Tekashi 6ix9ine was hit with a 45-day jail sentence on November 12 after admitting to violating his probation by skipping drug treatment, taking bootleg Adderall, and leaving South Florida without permission. The “Gummo” rapper, whose legal name is Daniel Hernandez, will spend slightly less time behind bars, however, as Judge Paul Engelmayer is applying time served since his October 29 arrest to this punishment.
Hernandez was also sentenced to an additional year of supervised release. He is being ordered to spend his first two months out of jail largely at home, so nobody will be subjected to a live performance anytime soon. He’ll also be on a curfew for one month after his stint at home wraps.
Before Engelmayer handed down his sentence, Hernandez asked for leniency, pointing to how he has been stuck in solitary confinement since his arrest. In Brooklyn federal jail, the warden told him that he would be in special housing throughout his time there. Both the Manhattan federal prosecutor and Hernandez’s attorney, Lance Lazzaro, told Engelmayer about the Bloods gang members currently incarcerated there. Prosecutors had recommended 30 days of incarceration for the probation violations in addition to the home confinement and year of probation post-release.
Hernandez asked for the judge’s mercy, saying he felt “disappointed” in himself for returning to jail.
“I did four years and seven months faithfully under supervision, no problem, and I’m not minimizing my actions. I fully take responsibility,” he continued. Hernandez admitted that he let himself and his family down and reflected on his past bad judgment. He didn’t want Engelmayer to “get the wrong impression” and think of him as “ill-mannered.”

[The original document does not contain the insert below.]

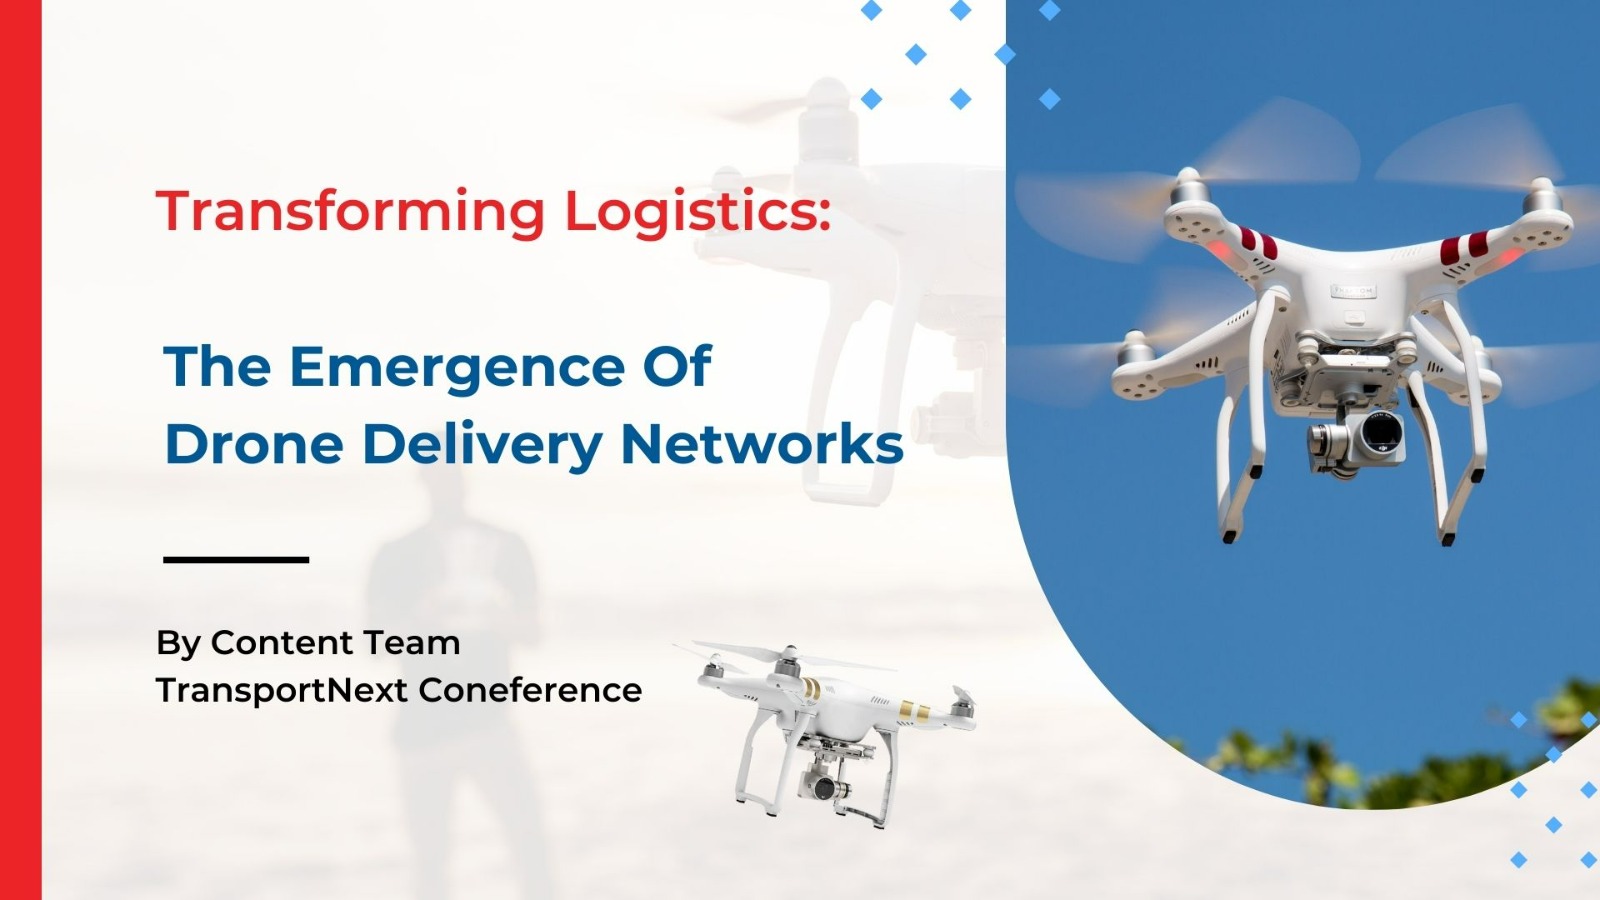 Emergence Of Drone Delivery Networks

“I don’t want to go back to the box, and I know that I have no choice [but] to go back to the box,” he said, saying shortly thereafter, “Please have mercy on my sentence, and I’m sorry.”
Hernandez, who appeared in dark-colored jail scrubs, appeared to show little emotion as he made his pitch for a lesser sentence. As Engelmayer handed down his sentence, the judge said that he had planned on issuing a sentence that was longer than prosecutors’ recommendation. In his view, Hernandez just kept messing up.
“You told me that you’d grown up; you told me that you had matured,” Engelmayer said, referring to Hernandez’s sentencing proceeding more than five years ago. “The bottom line is that I see a pattern here,” he said, adding that despite Hernandez being a “famous” rapper, the same rules apply to him as anyone else.
In February 2019, Hernandez copped to nine federal counts after his racketeering arrest in November 2018 stemming from his involvement in the Nine Trey Bloods gang. Hernandez, who had been facing 47 years to life behind bars, brokered a plea deal and prosecutors agreed to request a sentence below any mandatory minimum if he cooperated with them.
And cooperate he did: Hernandez testified against two ex-associates in September 2019 in the racketeering trial against Nine Trey Gangsta Bloods members Anthony “Harv” Ellison and Aljermiah “Nuke” Mack. While Hernandez was on the stand, he dropped so many dimes that the #HernandezSnitch9 hashtag started trending. He snitched on members from street-level gangsters to high-profile musicians, going so far as to claim that Cardi B and Jim Jones were in the Bloods and Nine Trey, respectively.
He was ultimately sentenced to 24 months in prison and five years of supervised release in December 2019 with the caveat that he would be released late in 2020 with time served. Hernandez was released in the spring of 2020, however, as the COVID-19 pandemic enabled some inmates with health issues to leave prison early under “compassionate release.” Hernandez’s probation was supposed to be up this December. So had he just followed the rules for less than two more months, he would have been free to terrorize everyone with his music. Alas, it’s hard to teach a middling rapper new tricks.